В тот же день "Гыр-Нога" остановил меня в коридоре: "Назначаю тебя заместителем главного редактора школьной стенгазеты! Но — без глупостей, мистер Херст!" И — вдогонку: "В другой раз классная дама тебя не спасёт!"

А главным редактором был Александр Александрович Энгельке...

ВЕЧЕР ДЛИНОЙ В ТРИ ГОДА Той зимой семья моего дяди, учителя физкультуры, получила комнату в учительском доме.
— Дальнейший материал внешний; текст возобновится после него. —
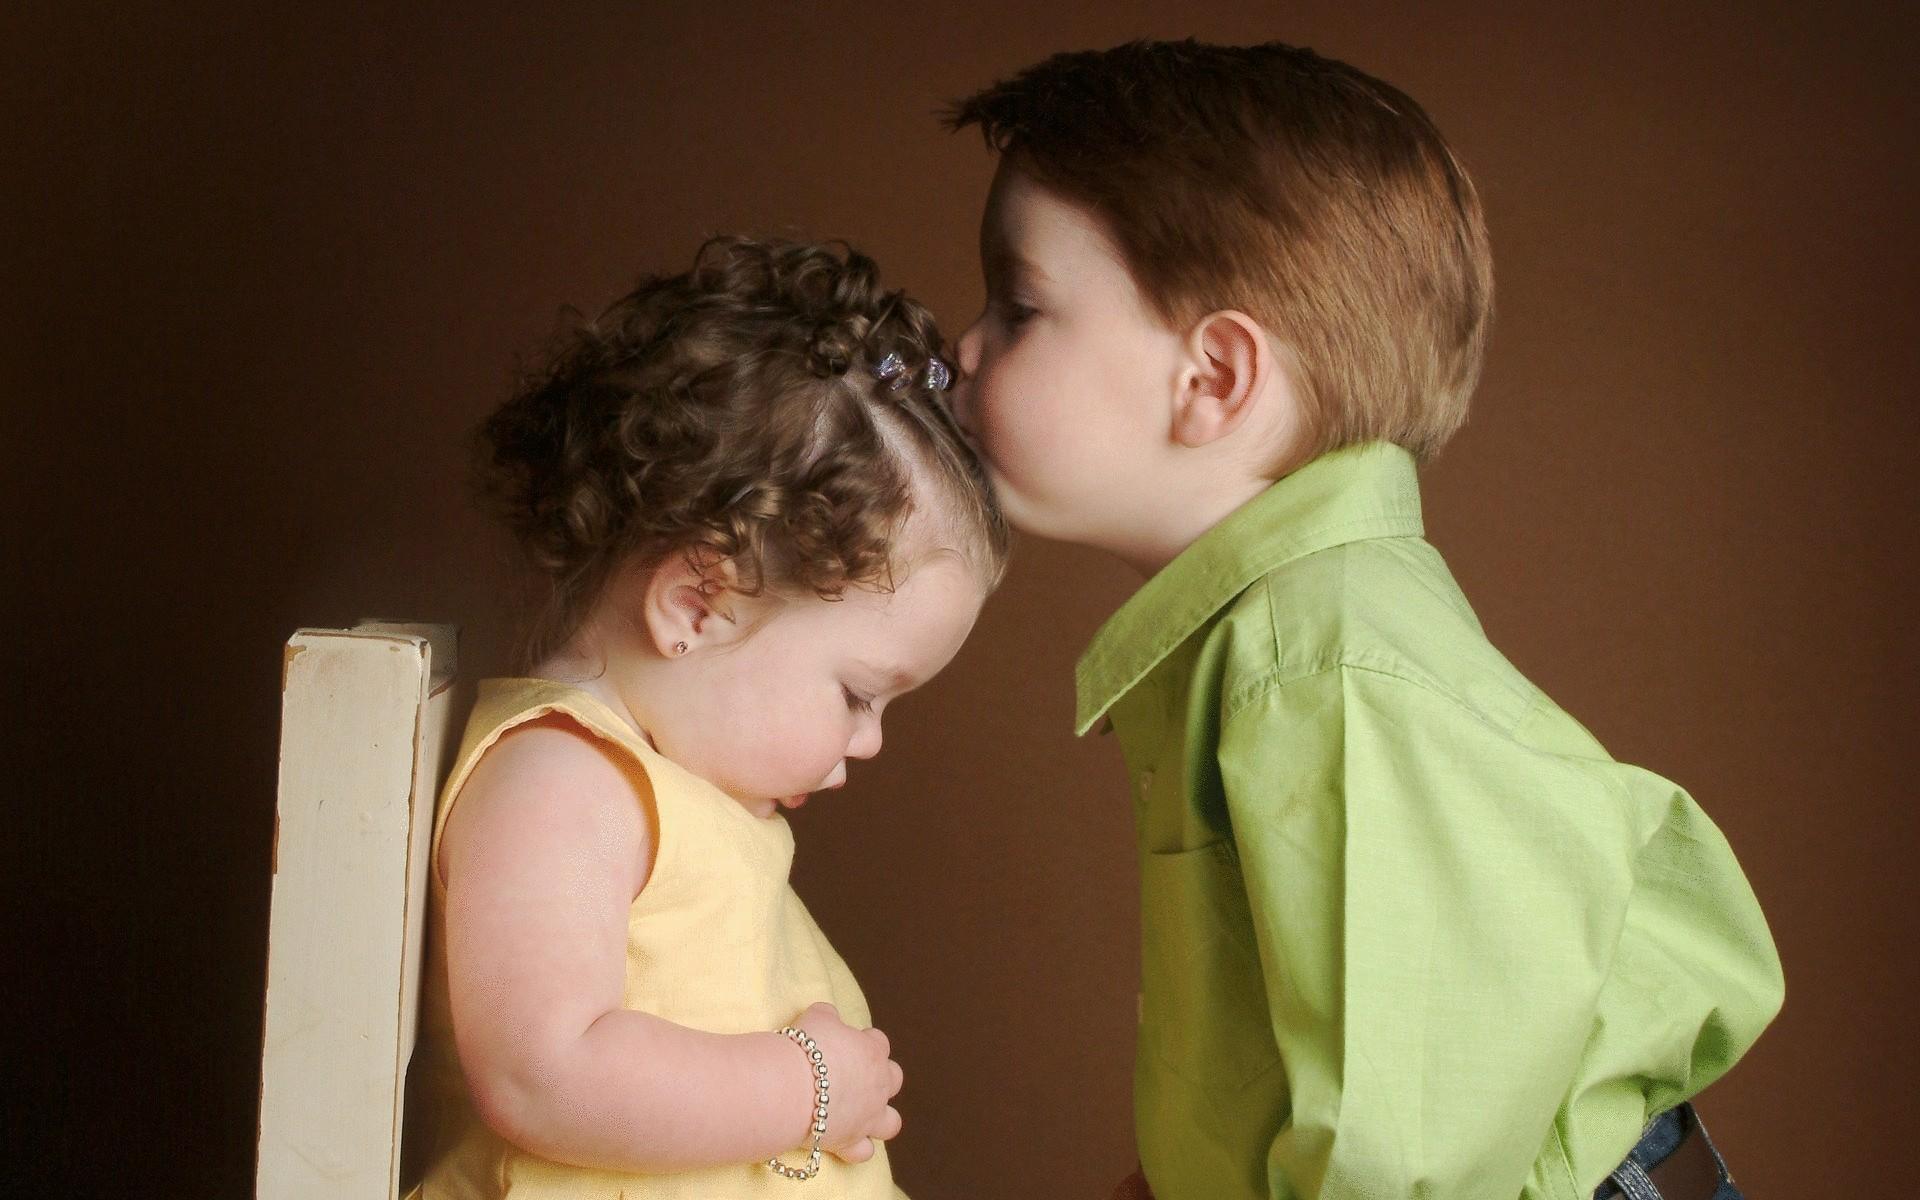 дочка картинки целующих малышей вот при съемке

А другую комнату занимали, как оказалось, Александр Александрович и его жена Вера Михайловна. Увидев меня у Коржинских, Сан-Саныч пригласил и к себе. Потом визиты к нему стали регулярными... Три года таких встреч представляются мне сейчас долгим-долгим зимним сибирским вечером в тесной комнате, где кроме единственного окна были письменный стол, кровать и книжные шкафы, из которых выглядывали корешки неведомых мне книг на разных языках. Кроме русского и латыни там присутствовали немецкий, английский, французский, итальянский, испанский, португальский, шведский, датский, голландский, греческий, финский, болгарский. "Вы все их знаете?" — "Знаю романские и два германских, на других только читаю. А думаю на русском и французском". Оказывается, фамилия Энгельке — шведская, от предка, пленённого под Полтавой. Отец Сан-Саныча был русским дворянином, полковником-сапёром в Советской армии, доктором военных наук, а мать — француженкой. "Я не помню её, она умерла, едва я родился..."

Сан-Саныч рассказывал мне о своём детстве. Смешная бонна-француженка, а затем пажеский корпус... Это — до революции. Потом — кавалерийская школа РККА, гражданская война, поход на Варшаву и гибель полка, из которого остались в живых два раненых шестнадцатилетних конника. Сан-Саныч — один из них. Дальше — Ленинградский университет (романское отделение), биржа труда и некоторое время — работа продавцом в книжной лавке.